VIRGINIA: Bill To Allow Removal of Confederate Statues Goes Forward

RICHMOND, Va. — Virginia localities ready to remove Confederate monuments might soon have the authority to do so.

On Monday, a Senate committee voted along party lines to advance local control legislation that conservative lawmakers have steadfastly blocked in recent years. With Democrats now in control of both chambers of the General Assembly, the idea of letting localities decide whether they wish to remove or alter the war memorials in their jurisdictions is gaining momentum.

Jefferson Davis Statue on Monument Avenue/Joe Mahoney

“Local control to remove is going to happen,” said Sen. Lynwood Lewis, D-Accomack. “It’s just a question of the process.”

Calls to remove monuments to the Confederacy surged across the South after a Confederate sympathizer massacred nine black parishioners at a Charleston, S.C., church in 2015, accelerating a debate that intensified in Virginia after the Unite the Right rally on Aug. 12, 2017.

That day, a white nationalist who’d attended the protest against removing Confederate statues drove into a crowd of counterprotesters, killing a woman.

Localities eager to debate the issue have run up against state law protecting war memorials from removal and vandalism. Last month, the Richmond City Council voted 6-2 to ask the assembly for the authority to remove the Confederate statues on Monument Avenue. Opponents of the legislation say clearing a path for changes would be akin to the destruction of history.

In presenting her version of the bill, Sen. Mamie Locke, D-Hampton, said permitting the removal of the statues would allow localities to stop honoring Lost Cause mythology.

“These portrayals of Confederate leadership as grand and heroic figures misinforms the public; distorts our understanding of our history; and attempts to gloss over the oppression and injustice the subjects fought a war … to perpetuate,” she said.
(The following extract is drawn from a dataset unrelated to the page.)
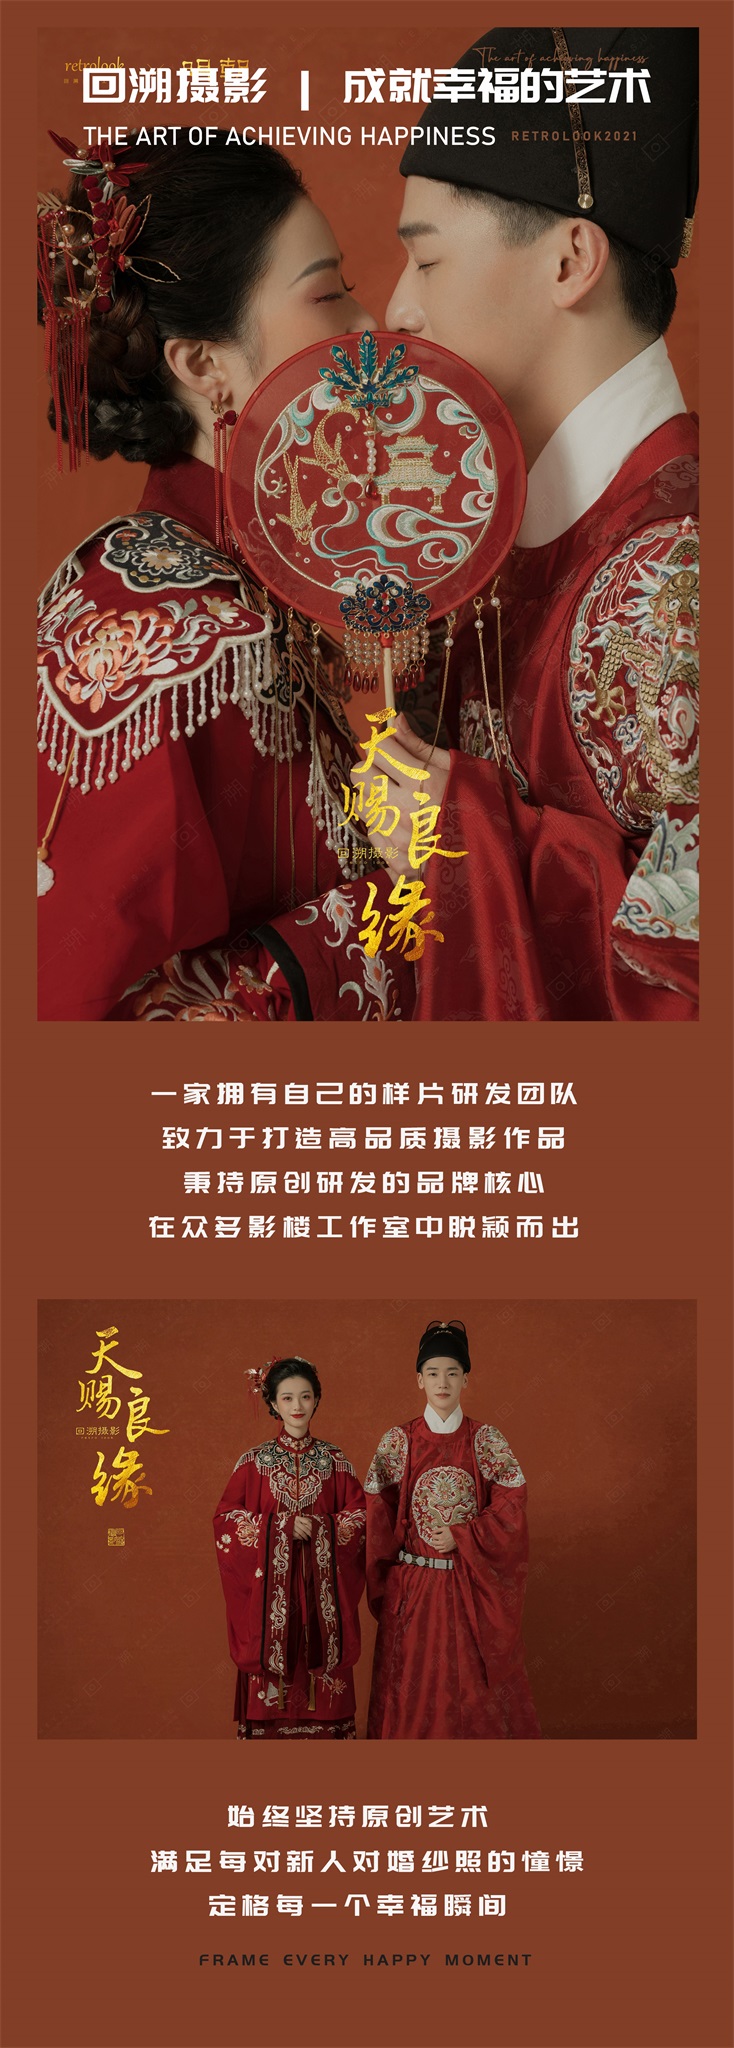 【新中式婚纱照】国潮龙凤褂+秀和服旗袍+底片全送
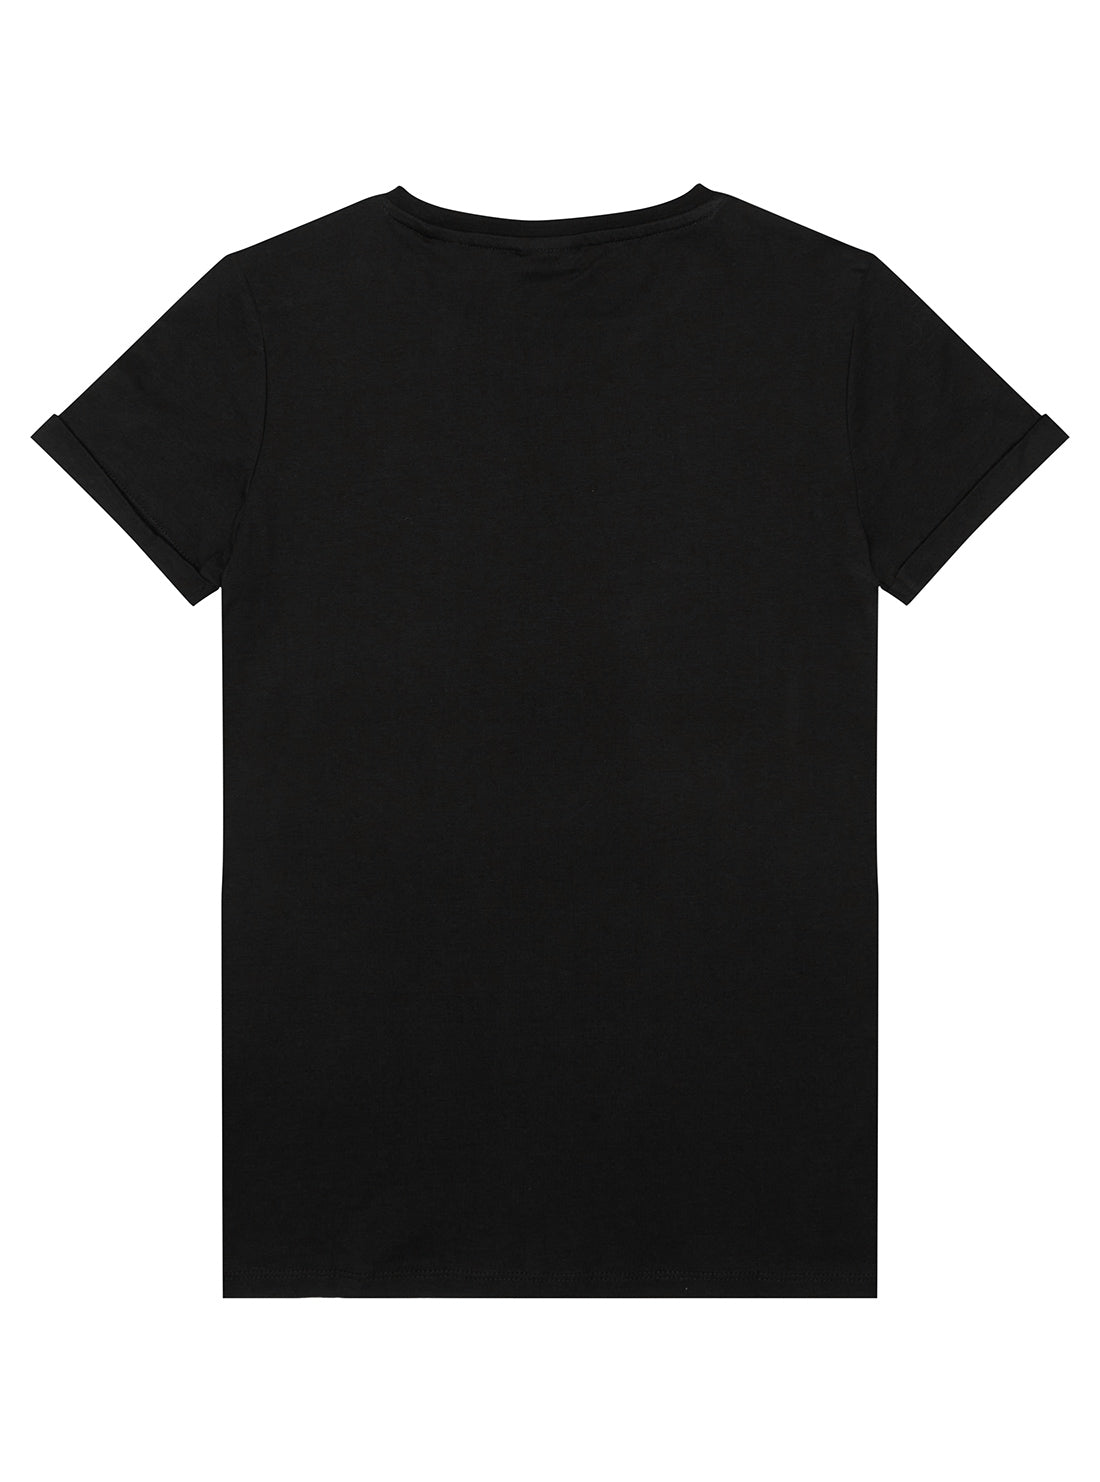 Girl black t-shirt - Roblox

Lawmakers on Monday consolidated three proposals and voted 8-7 to advance a bill featuring an amendment Lewis proposed that would require localities wishing to remove or alter a war memorial to undergo a state study.

In the coming weeks, lawmakers are expected to debate whether localities should meet certain conditions, such as the state study or approval by more than a simple majority, before removing any war memorials.

Andrew Bennett Morehead, a spokesman for the Virginia Division of the Sons of Confederate Veterans, said the heritage group is adamantly opposed to any change in the law, but is giving consideration to how the legislation can be shaped.

After Monday’s Senate Local Government Committee hearing, he said the group appreciates that Lewis had submitted papers to require further study by the Virginia Department of Historic Resources before localities can remove a memorial.

“It gives true heritage organizations the opportunity to form a game plan for the best way to … put these monuments on private property and remain there in perpetuity,” Morehead said.

While the bill could bring sweeping changes to the landscape in Richmond and elsewhere in Virginia, the statue of Robert E. Lee on Monument Avenue is owned by the state. It would not be subject to local control.

The committee hearing was well attended by Charlottesville residents with a connection to the white nationalist rally there in 2017. Among them was Kristin Szakos, a former Charlottesville City Council member who voted in 2017 to remove a statue of Lee from a local park.

Szakos voiced opposition during the hearing to Lewis’ amendment, telling lawmakers that Charlottesville undertook its own study before the council voted 3-2 for removal.

“To force Charlottesville and other cities into a long, protracted process now would not only delay justice, but could further endanger the lives of our leaders and citizens,” she said, noting that she and other city officials began receiving violent threats from people opposed to statue removal.

A Charlottesville circuit judge last month ordered the city to pay $365,000 for plaintiffs’ legal fees after Charlottesville lost a lawsuit that opponents of removal brought against the city.

A spokesman for the plaintiffs in that case, Charlottesville-based lawyer Charles Weber, said in a recent statement that the plaintiffs oppose granting local control and fear changing the law could lead to the removal of memorials to Vietnam War veterans.

“Stripping these war memorials from the public square will not improve race relations or the lives of anyone in the community,” he said. “Instead, doing so will simply break faith with military veterans everywhere and alienate many Virginians who understand our history and work constructively to promote justice in our communities.”

Sen. Siobhan Dunnavant, R-Henrico, condemned the violence that arose in Charlottesville, and said she prefers erecting new monuments to removing old ones.

“I think correcting that narrative is better than destroying it. I think we’re better than that,” she said. “And I’m going to say to localities: The reason that people came to Charlottesville is because a decision was made, not because a monument was there.”

Lisa Draine, the mother of a University of Virginia student who was injured in the vehicle attack that day, fought back tears Monday as she described the injuries her daughter suffered.

“These statues are not benign. They are magnets for hate and violence,” she said. “I’m asking you to stand up to people who say this is about heritage and legacy. I’m asking you to think about your legacy and to protect children in the future.”